Decoders/Generators: each decoder (in terms of VAE) or generator (in terms of GAN) $G_i$ reconstructs samples $\widetilde{X}_{i}^{j}$ using latent vectors $z$ where the subscript $i$ means the decoder’s own domain and the superscript $j$ means the sample’s origin domain. For example, $\widetilde{X}_1^2$ represents the samples reconstructed in $X_1$ domain using the latent vectors encoded using the input data from $X_2$ domain.
Discriminators: each discriminator $D_i$ judges whether inputs are the real samples from the domain $X_i$ or fake (translated) samples, i.e., $\widetilde{X}_1^2$ or $\widetilde{X}_2^1$ . At the same time, each discriminator $D_i$ also gives class predictions for input samples, regardless of whether they are real or fake, similar to the one used in AC-GAN (Odena et al., 2017).

*Shared Latent Space

Source: Liu et al. (2017)

Since the latent space $Z$ is shared by both domains, it is possible to generate a target domain sample $\widetilde{x}_2$ from a latent vector $z$ that was encoded from a source domain sample $x_1$ , e.g., $\widetilde{x}_2=G_2(E_1(x_1))$ , or in the opposite direction.

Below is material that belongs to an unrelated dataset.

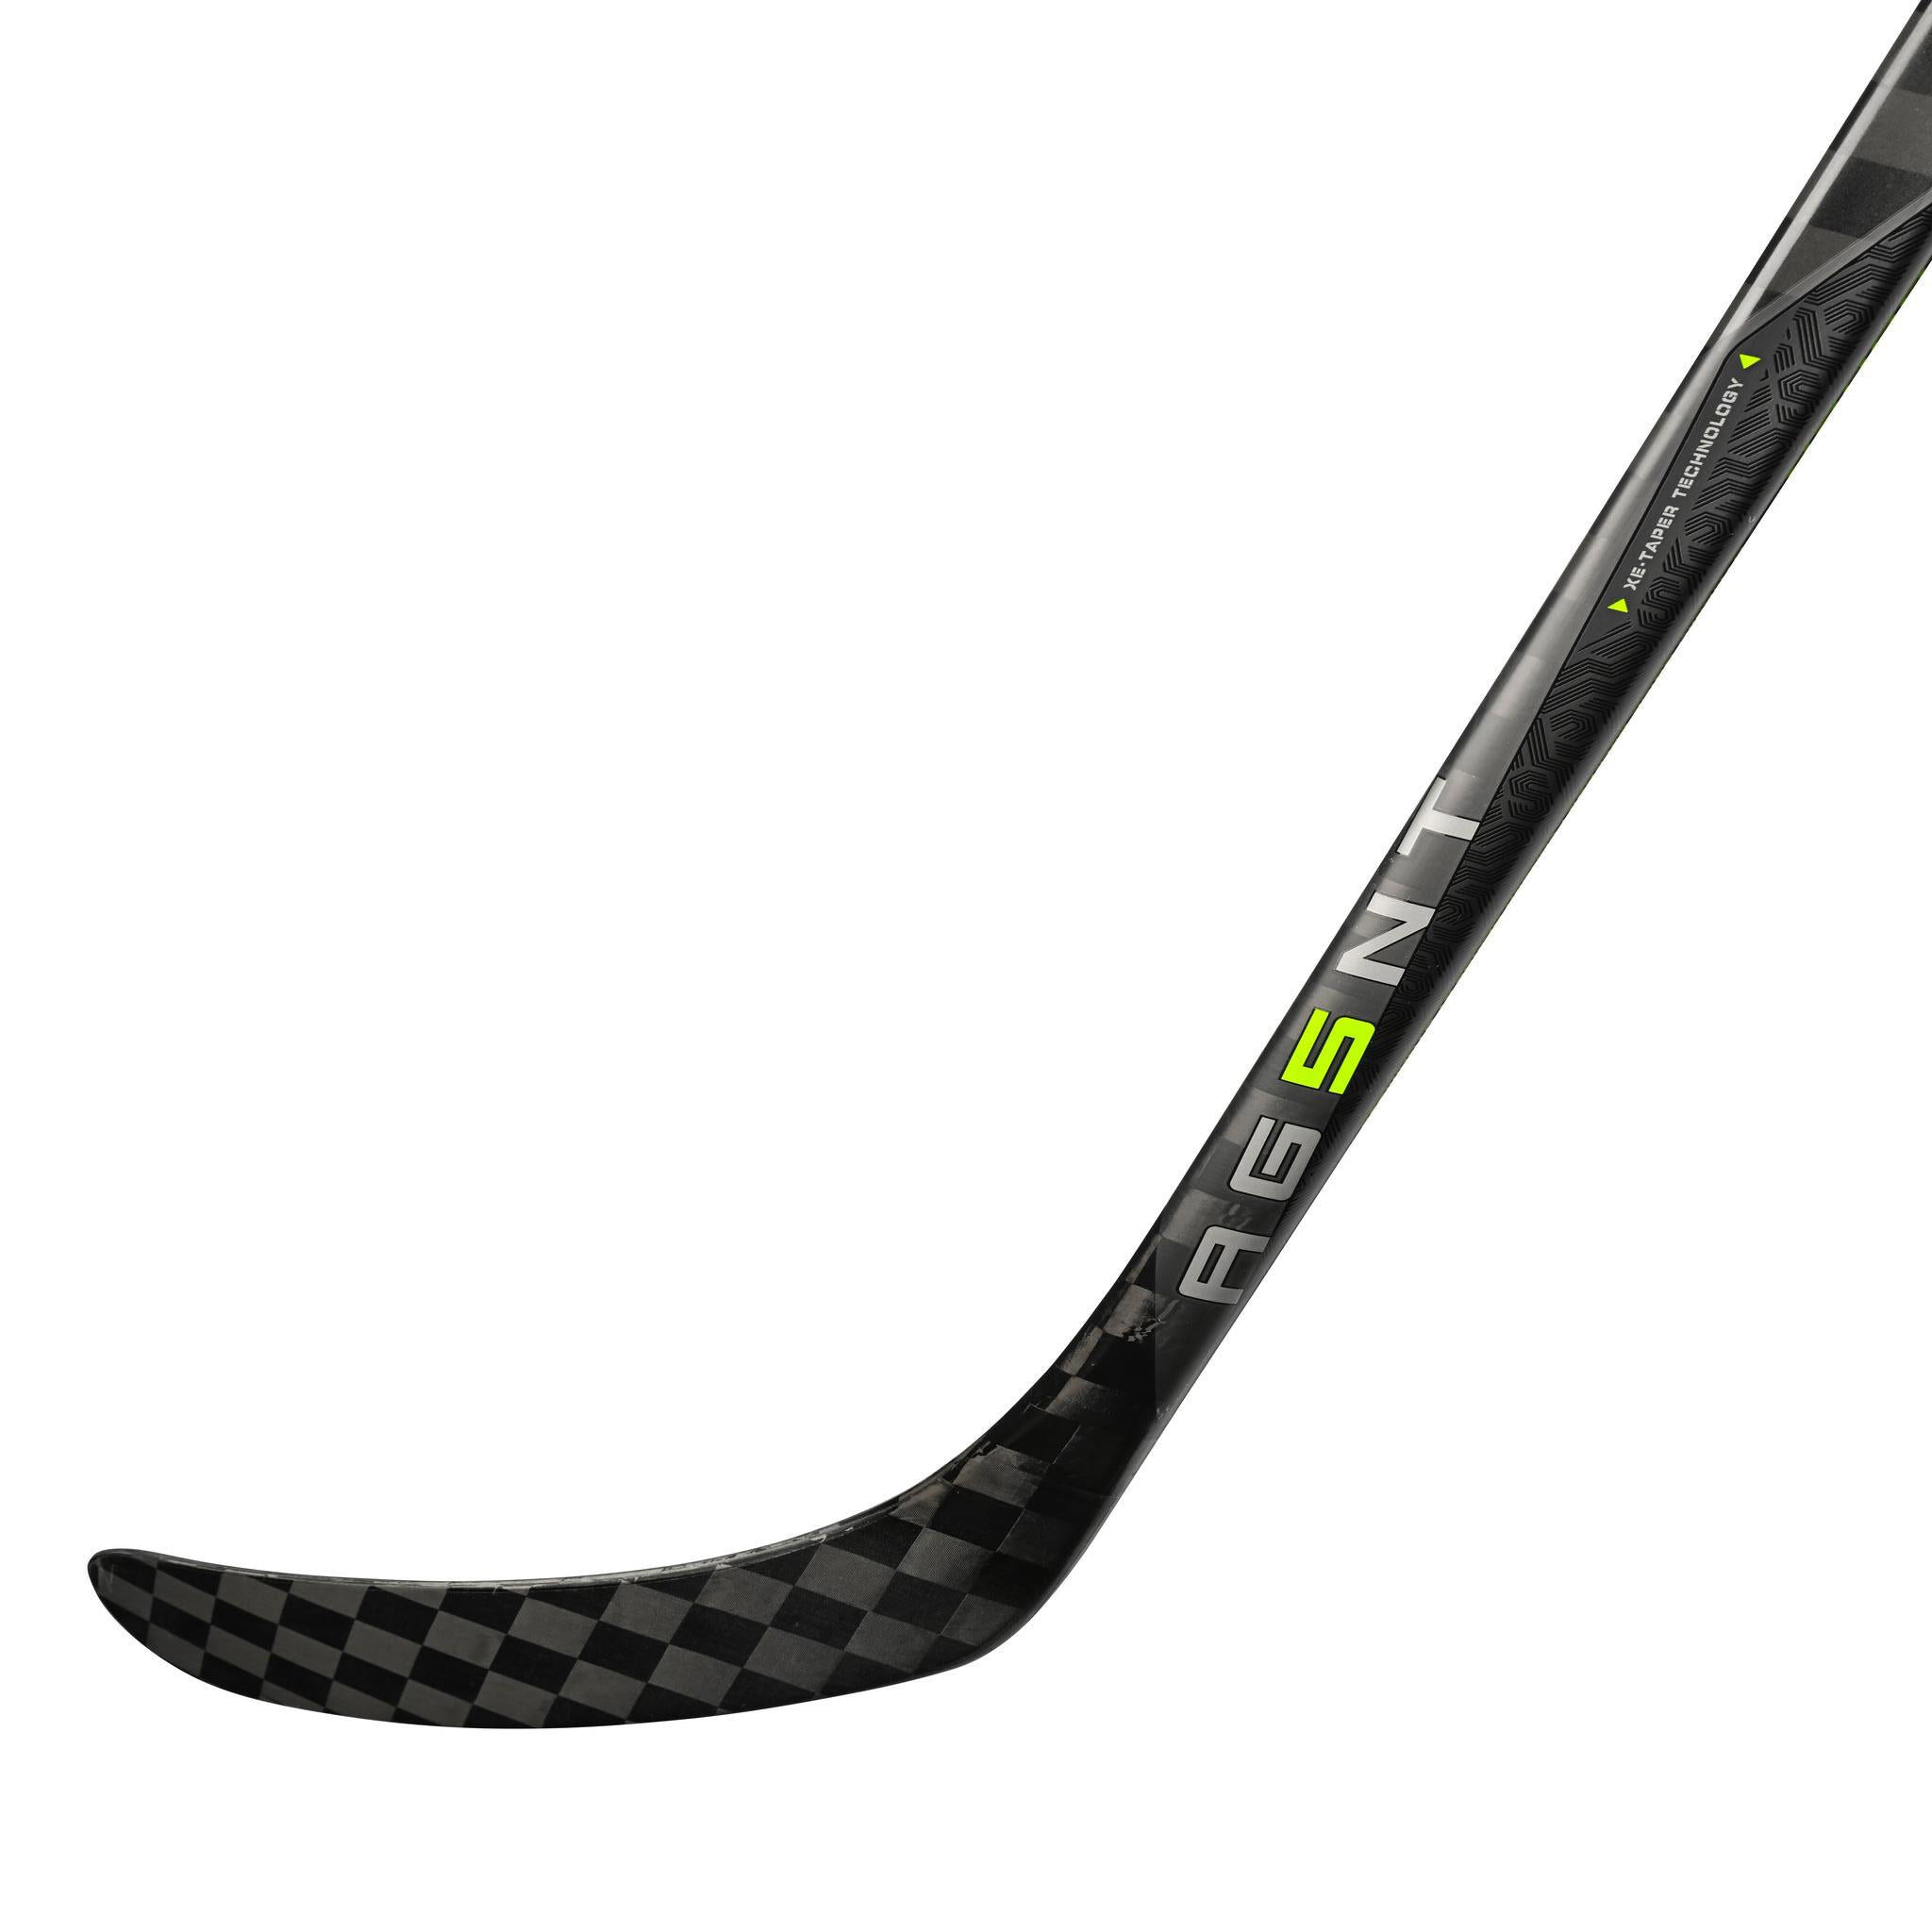 Comment choisir le bon bâton de hockey

All these modules are implemented as neural networks.

Training

In this section, we describe how the image-to-image translation model is trained.

Preliminaries

Assuming that we have two image data domain $X_1$ and $X_2$ , e.g., MNIST and K-MNIST, samples from each domain are drawn from each marginal distribution $P_{X_1}$ and $P_{X_2}$ .

In our translator model, the (variational) encoder outputs a mean vector $E_{\mu}(x)$ and a standard deviation vector $E_{\sigma}(x)$ . Thus, we represent the latent distribution $q$ and the latent codes $z$ drawn from this distribtuion as

$\large \begin{align} z_1 \sim q_1(z_1|x_1) &\equiv \mathcal{N}(z_1 | E_{1,\mu}(x_1), E_{1,\sigma}(x_1))\\ z_2 \sim q_2(z_2|x_2) &\equiv \mathcal{N}(z_2 | E_{2,\mu}(x_2), E_{2,\sigma}(x_2)) \end{align}$

according to the encoder input $x_1 \in X_1$ or $x_2 \in X_2$ . Furthermore, we use the reparameterization trick (Kingma and Welling, 2014) to enable backpropagation through the sampling operations of $z$ . On the other hand, we assume the standard normal distribution for the prior distribution of $z$ .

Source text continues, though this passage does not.